We experienced a decline in revenue associated with the Walmart MoneyCard program in 2014 and in the three and nine months ended September 30, 2015 due primarily to lower fee products we introduced and a decline in the number of active cards. As a result, our 2015 revenues from this program have declined on a year-over-year basis due primarily to the continual impact of lower fee cards comprising a larger portion of our overall active card portfolio.
Total operating expenses
Our total operating expenses for the three and nine months ended September 30, 2015 increased from the three and nine months ended September 30, 2014 due to increases in other general and administrative expenses, processing expenses and compensation and benefits expenses, in each case, increasing as a percentage of total operating revenues. Compensation and benefits expenses increased primarily due to an increase in our employee headcount as a result of our acquisitions subsequent to September 30, 2014 and processing expenses increased primarily due to period-over-period growth in purchase volume. Other general and administrative expenses increased primarily due to amortization associated with our acquired intangible assets, impairment charges related to certain capitalized software costs and general and administrative operating expenses associated with our acquisitions subsequent to September 30, 2014.
As previously announced, we renewed our Walmart MoneyCard agreement in June 2015. The term of the agreement is retroactive to May 1, 2015 and expires on May 1, 2020, with an automatic renewal clause for an additional period of two years, subject to certain terms as discussed in the agreement. Revenues generated under the MoneyCard program have represented a substantial portion of our total operating revenues. Under this new agreement, the sales commission rate we pay to Walmart for the MoneyCard program increased from the prior agreement. Consequently, our sales and marketing expenses during the three months ended September 30, 2015 have been and for the last quarter of 2015 will be materially impacted by the increased commission rate.

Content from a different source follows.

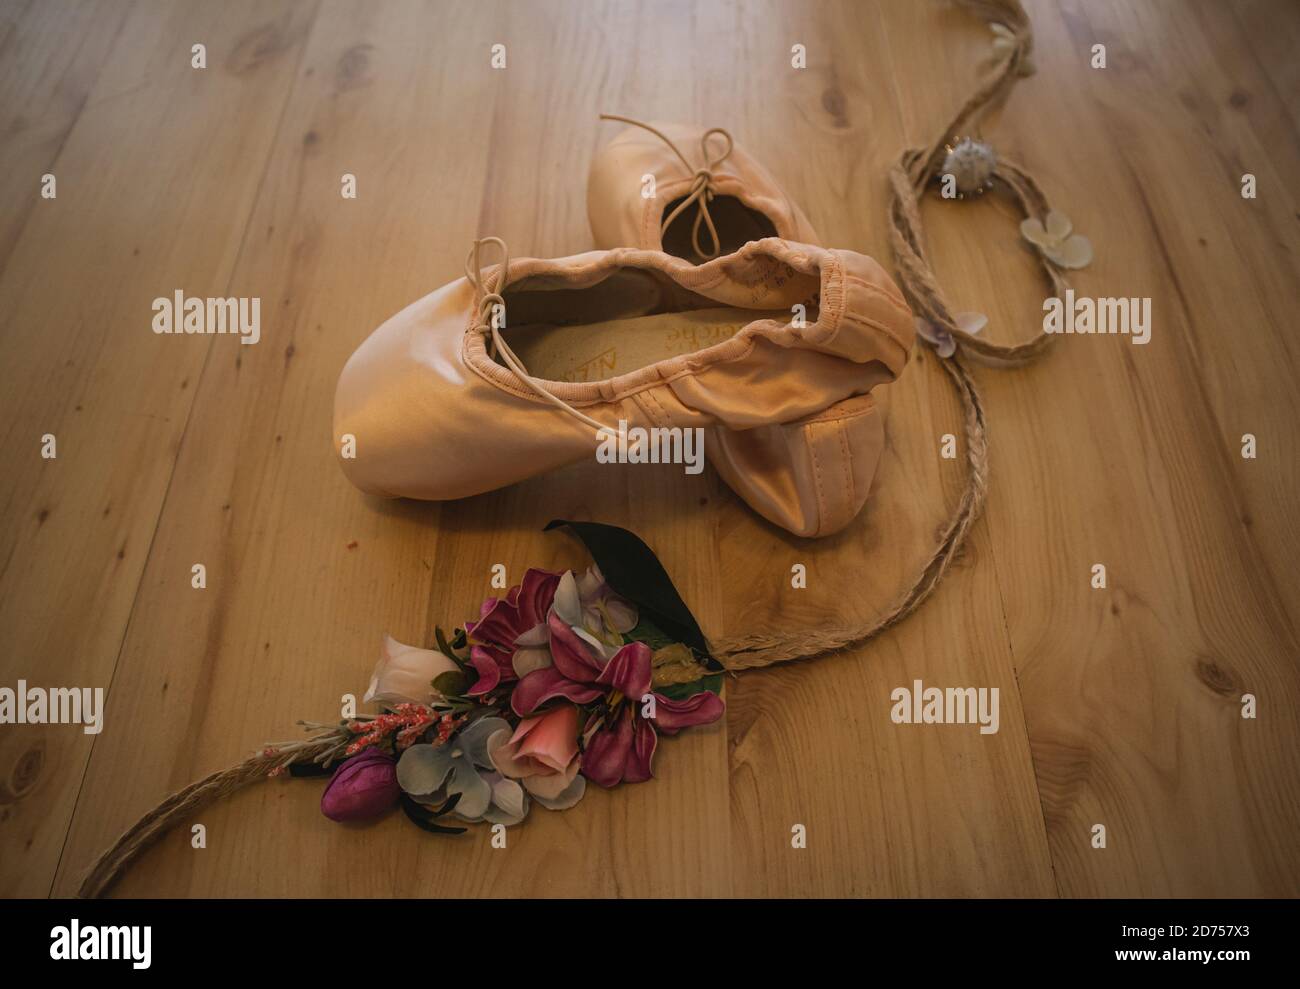 Exhibition of Ballet clothes and outfits Stock Photo

We also expect our compensation and benefits and other general and administrative expenses to increase for 2015 as a result of increased headcount and facilities costs associated with our acquisitions in the fourth quarter of 2014 and first quarter of 2015. We also expect an increase in general and administrative expenses due to higher amortization associated with our acquired intangible assets and higher depreciation and amortization expenses associated with our investment in technology to support new product launches and improve our core infrastructure. For additional information on depreciation and amortization related to internal-use software and acquired intangible assets, refer to Note 7 — Property and Equipment and Note 8- Goodwill and Intangible Assets, in our latest Annual Report on Form 10-K.

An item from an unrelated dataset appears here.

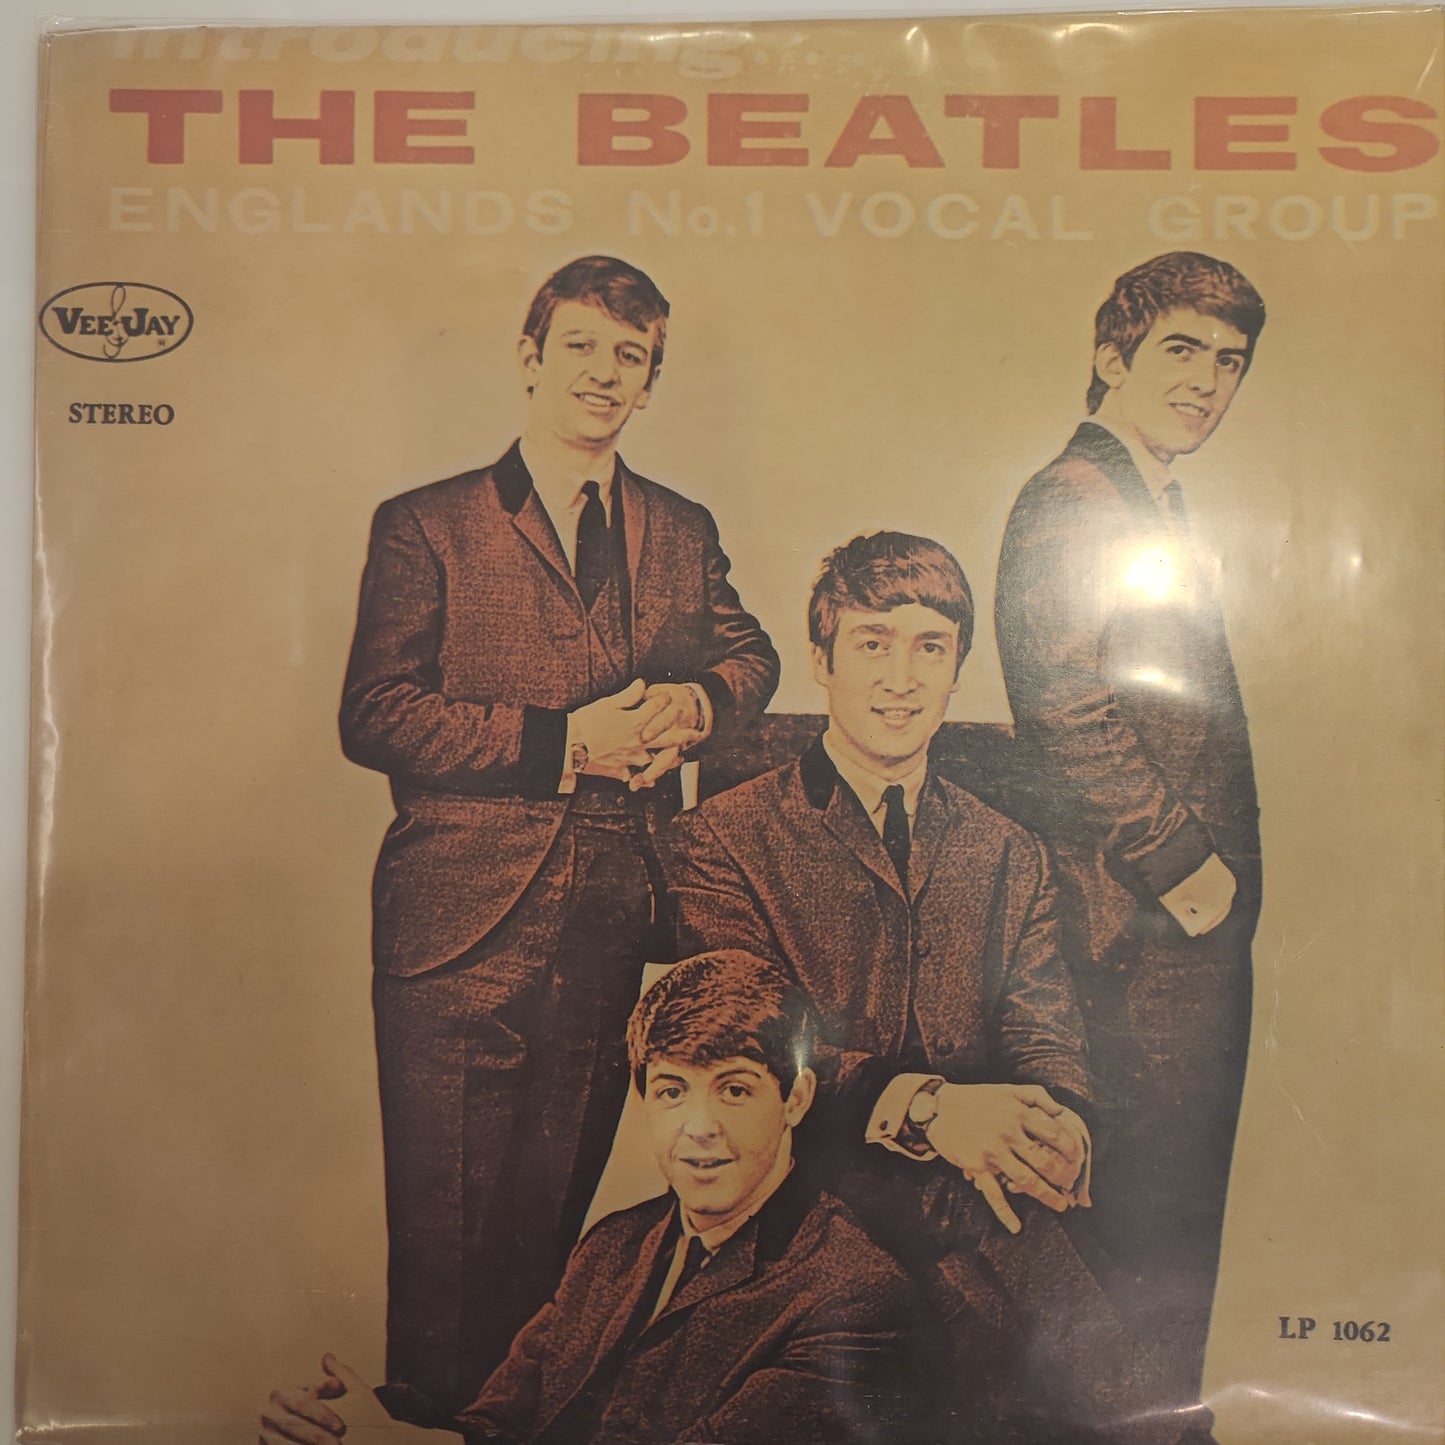 The Beatles - Introducing the Beatles

Income tax benefit and income tax expense for the three and nine months ended September 30, 2015 was $2.2 million and $25.7 million, respectively, compared to income tax expense of $6.8 million and $24.5 million for the three and nine months ended September 30, 2014. During the three months ended September 30, 2015, we recognized an income tax benefit of $2.2 million, driven by a pretax loss during the period and a discrete tax benefit attributable to return-to-provision adjustments. Income tax expense increased for the nine months ended September 30, 2015 from the comparable period in 2014 primarily as a result of generating higher income before income taxes and a slightly higher effective tax rate.
Key Metrics
We review a number of metrics to help us monitor the performance of, and identify trends affecting, our business. We believe the following measures are the primary indicators of our quarterly and annual revenues.
Number of Cash Transfers — represents the total number of reload transactions that we conducted through our retail distributors in a specified period. We processed 9.53 million and 12.49 million reload transactions in the three months ended September 30, 2015 and 2014, respectively, and 29.17 million and 37.64 million reload transactions in the nine months ended September 30, 2015 and 2014, respectively. We review this metric as a measure of the size and scale of our retail cash reload network, as an indicator of customer engagement and usage of our products and services, and to analyze cash transfer revenue, which is a key component of our financial performance.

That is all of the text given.